Avec la 5G, les objets collectent des données en continu, souvent à notre insu, et les possibilités de stockage et d’utilisation de ces données se multiplient.
Le but de tout cela : une exploitation commerciale massive dont les profits profitent à beaucoup sauf aux fournisseurs de données, c’est à dire nous, les citoyens lambda…
Difficile aujourd’hui de bénéficier d’une véritable vie privée, chaque appareil connecté qui trône chez vous est un mouchard potentiel.
Effrayant !
- Un impact environnemental largement sous-estimé
On fait mine de l’oublier, mais le développement de la 5G implique la fabrication de millions d’appareils compatibles, le renouvellement accéléré des smartphones, l’accumulation exponentielle de déchets difficiles à recycler.
Jusqu’à 75 % de l’impact environnemental du numérique provient de la fabrication d’appareils connectés[3].
Cela comprend l’extraction de métaux rares, la consommation massive d’eau et d’énergie, la pollution engendrée par les déchets électroniques.
Dans un contexte d’urgence climatique, cette évolution interroge profondément.
Finalement, le véritable danger de la 5G n’est peut-être pas aussi invisible que l’on croit.
Il est bien là, sous nos yeux, mais a-t-on vraiment envie de voir ?

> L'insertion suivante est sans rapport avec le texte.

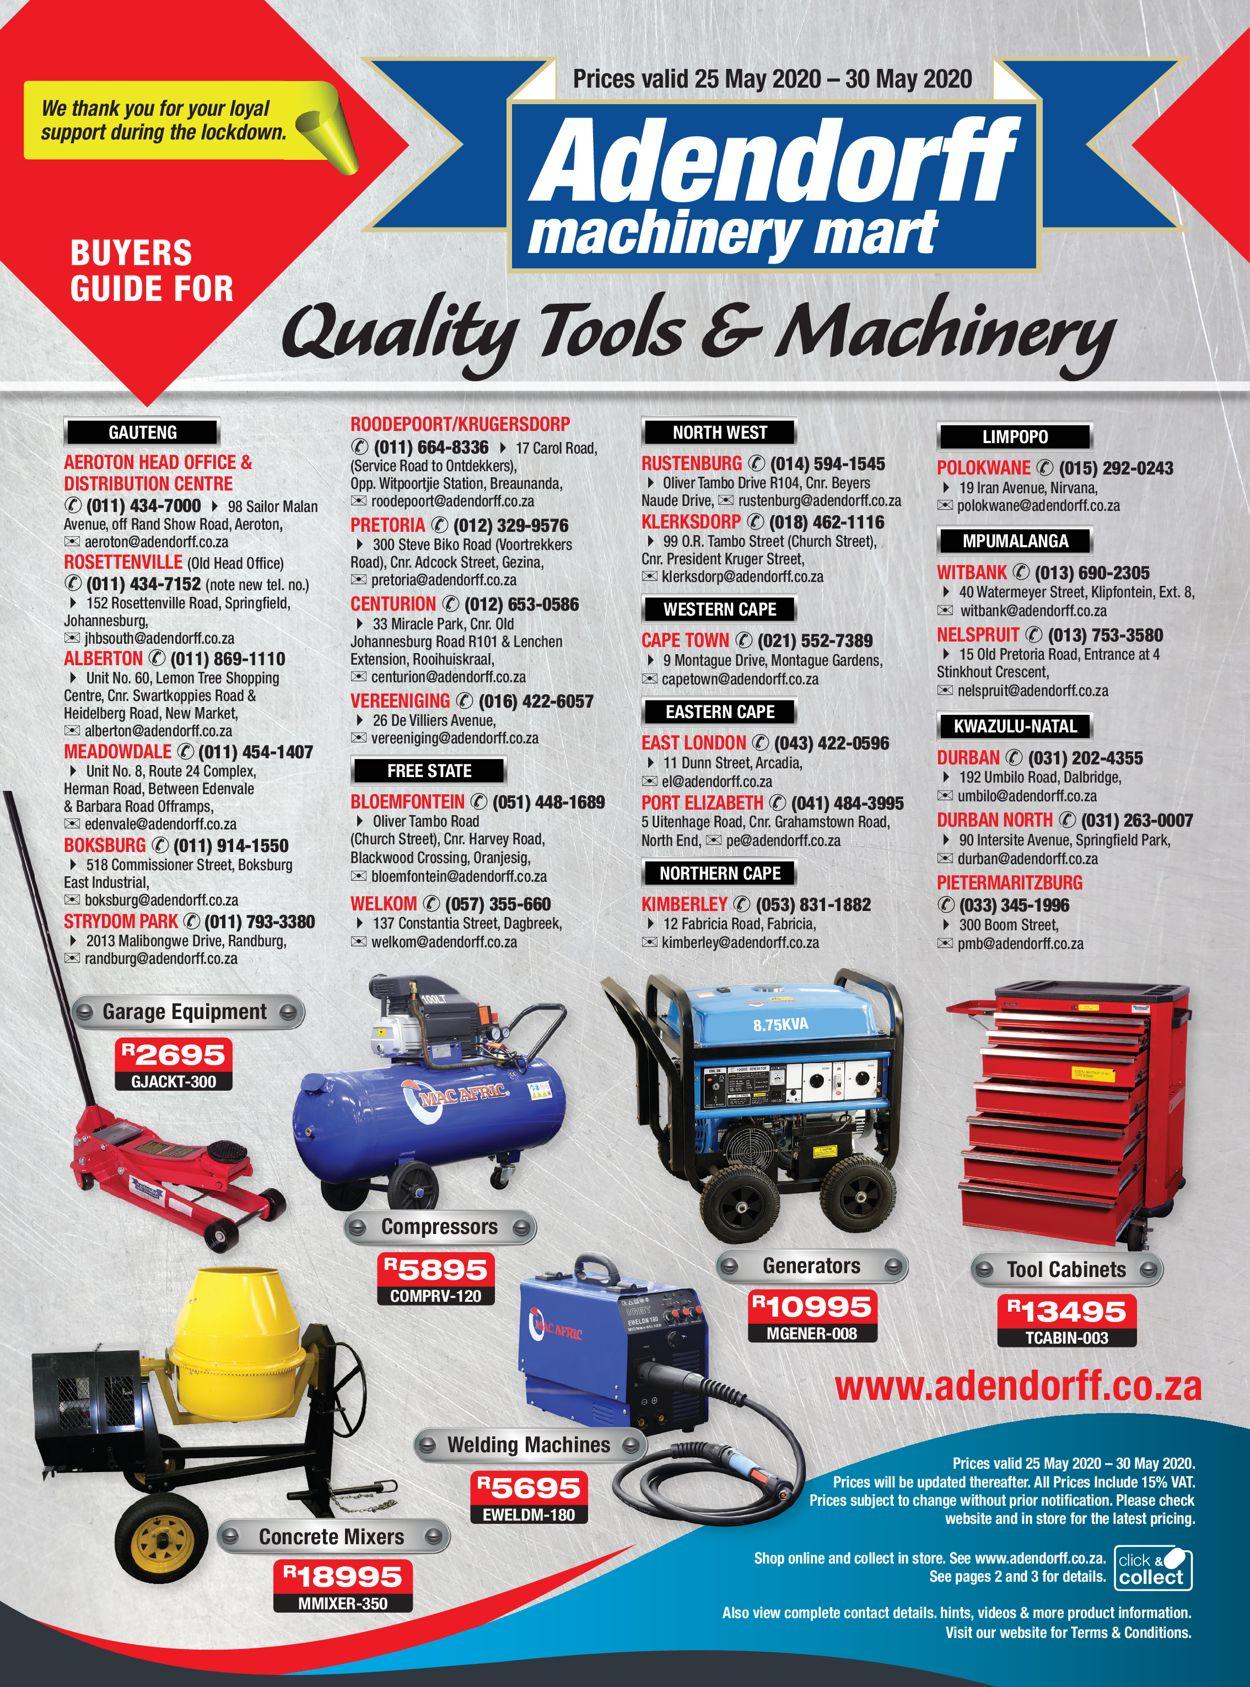 Adendorff Machinery Mart Catalogue - 2020/05/25-2020/05/30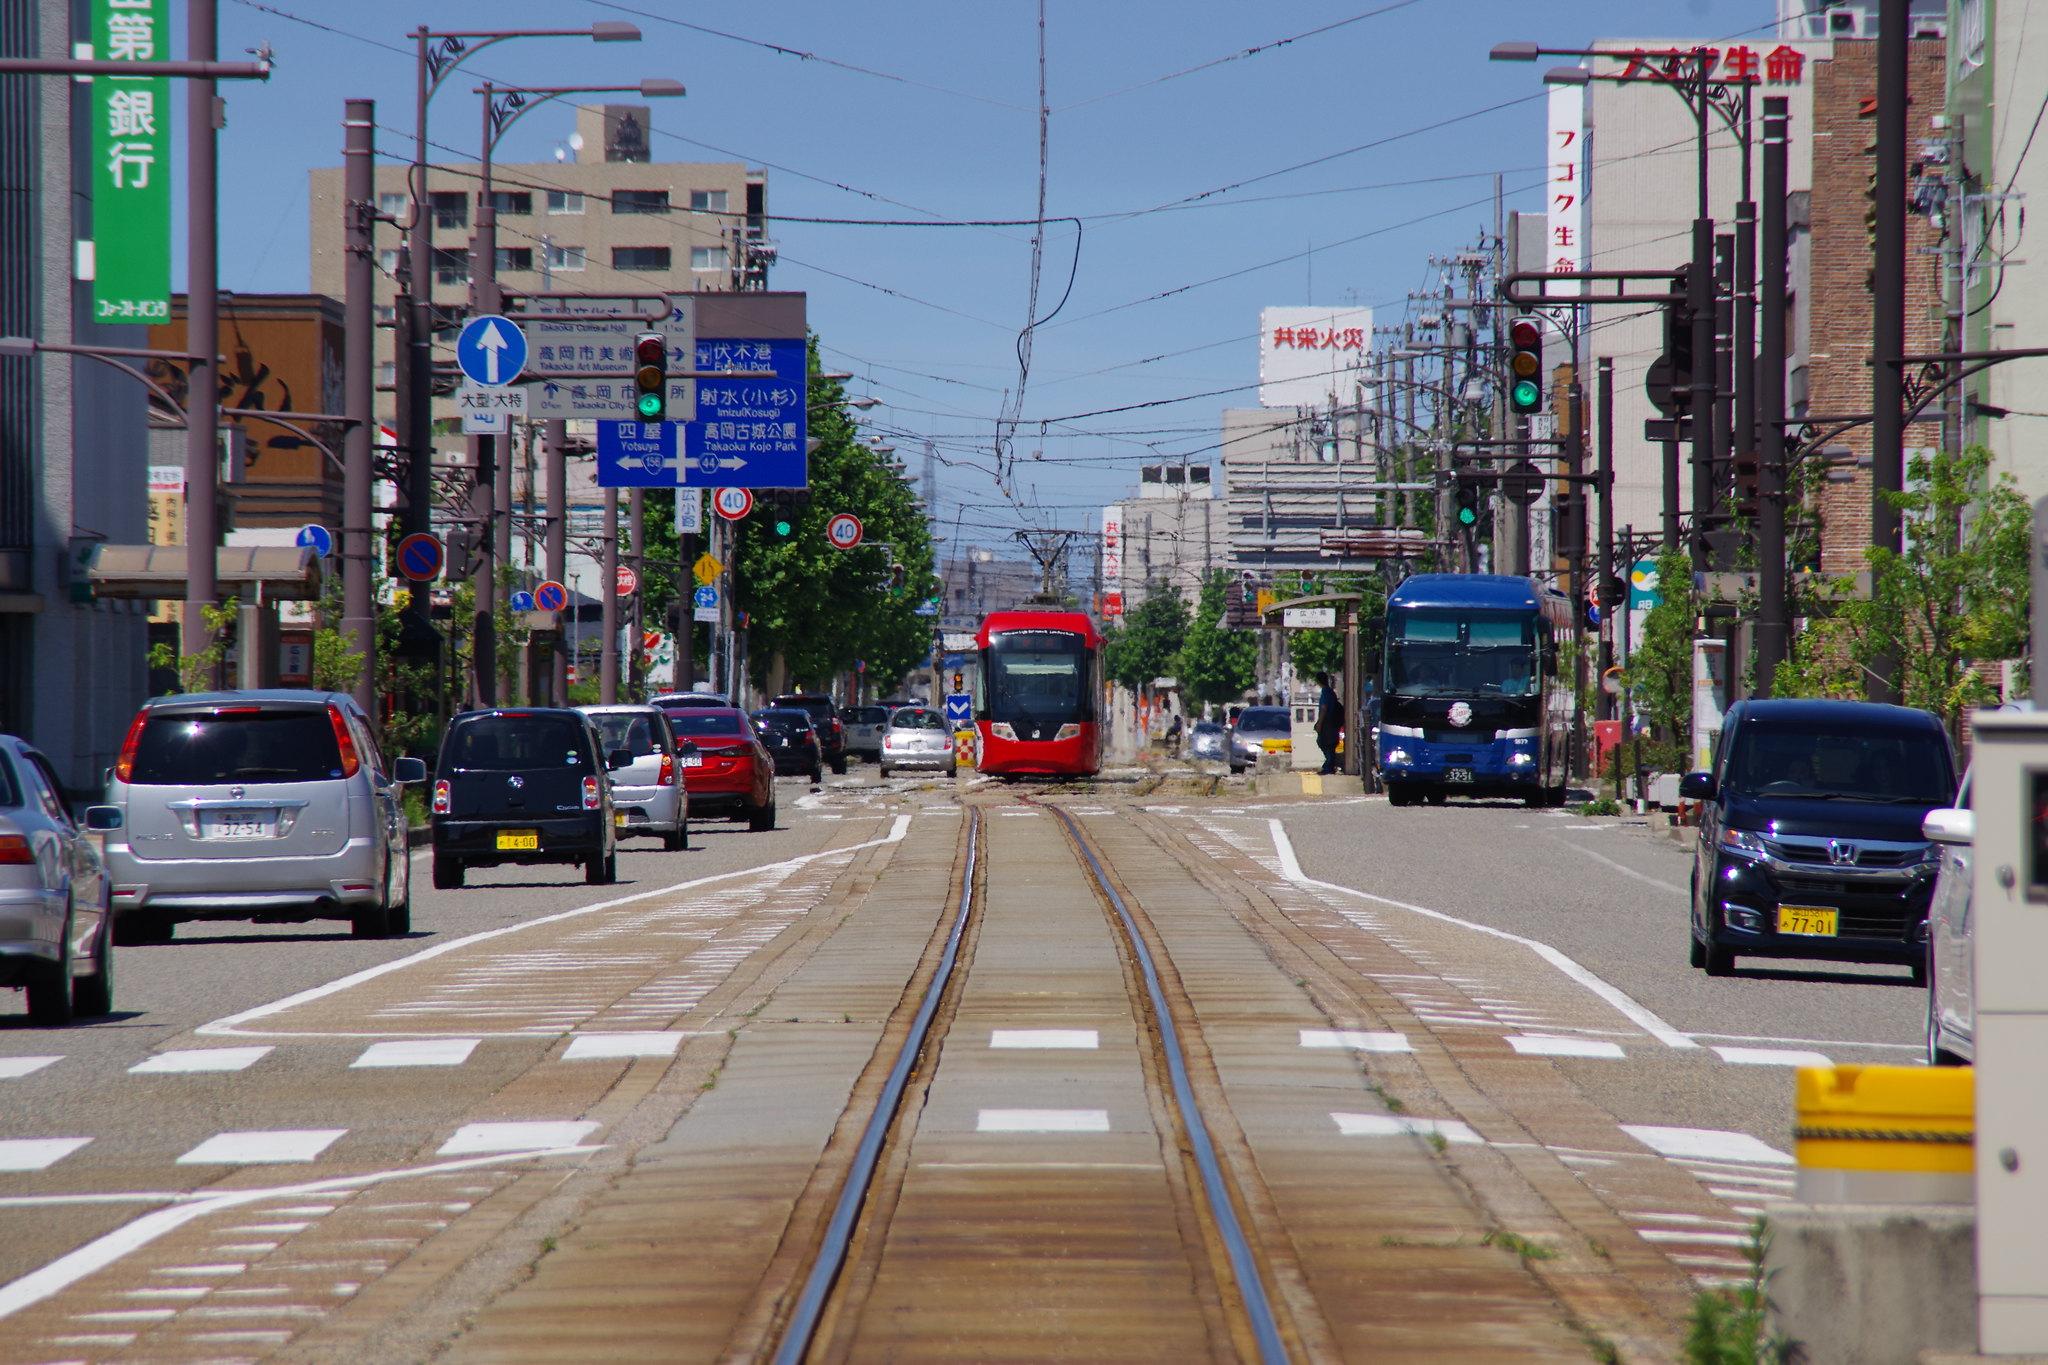 Takaoka City, Japan street in summer heat.

Plutôt que de céder à la peur ou de nier les risques, il me semble essentiel d’adopter un usage raisonné des technologies, de rester informé, de ne pas perdre de vue que notre bien le plus précieux est notre libre arbitre.
Car la question n’est pas seulement : « La 5G est-elle dangereuse ? », mais plutôt : « Quel monde voulons-nous construire avec elle ? »
Quel rapport entretenez-vous avec les nouvelles technologies ?
Vous font-elles peur ou avez-vous confiance en l’avenir ?
Dites-le en commentaire !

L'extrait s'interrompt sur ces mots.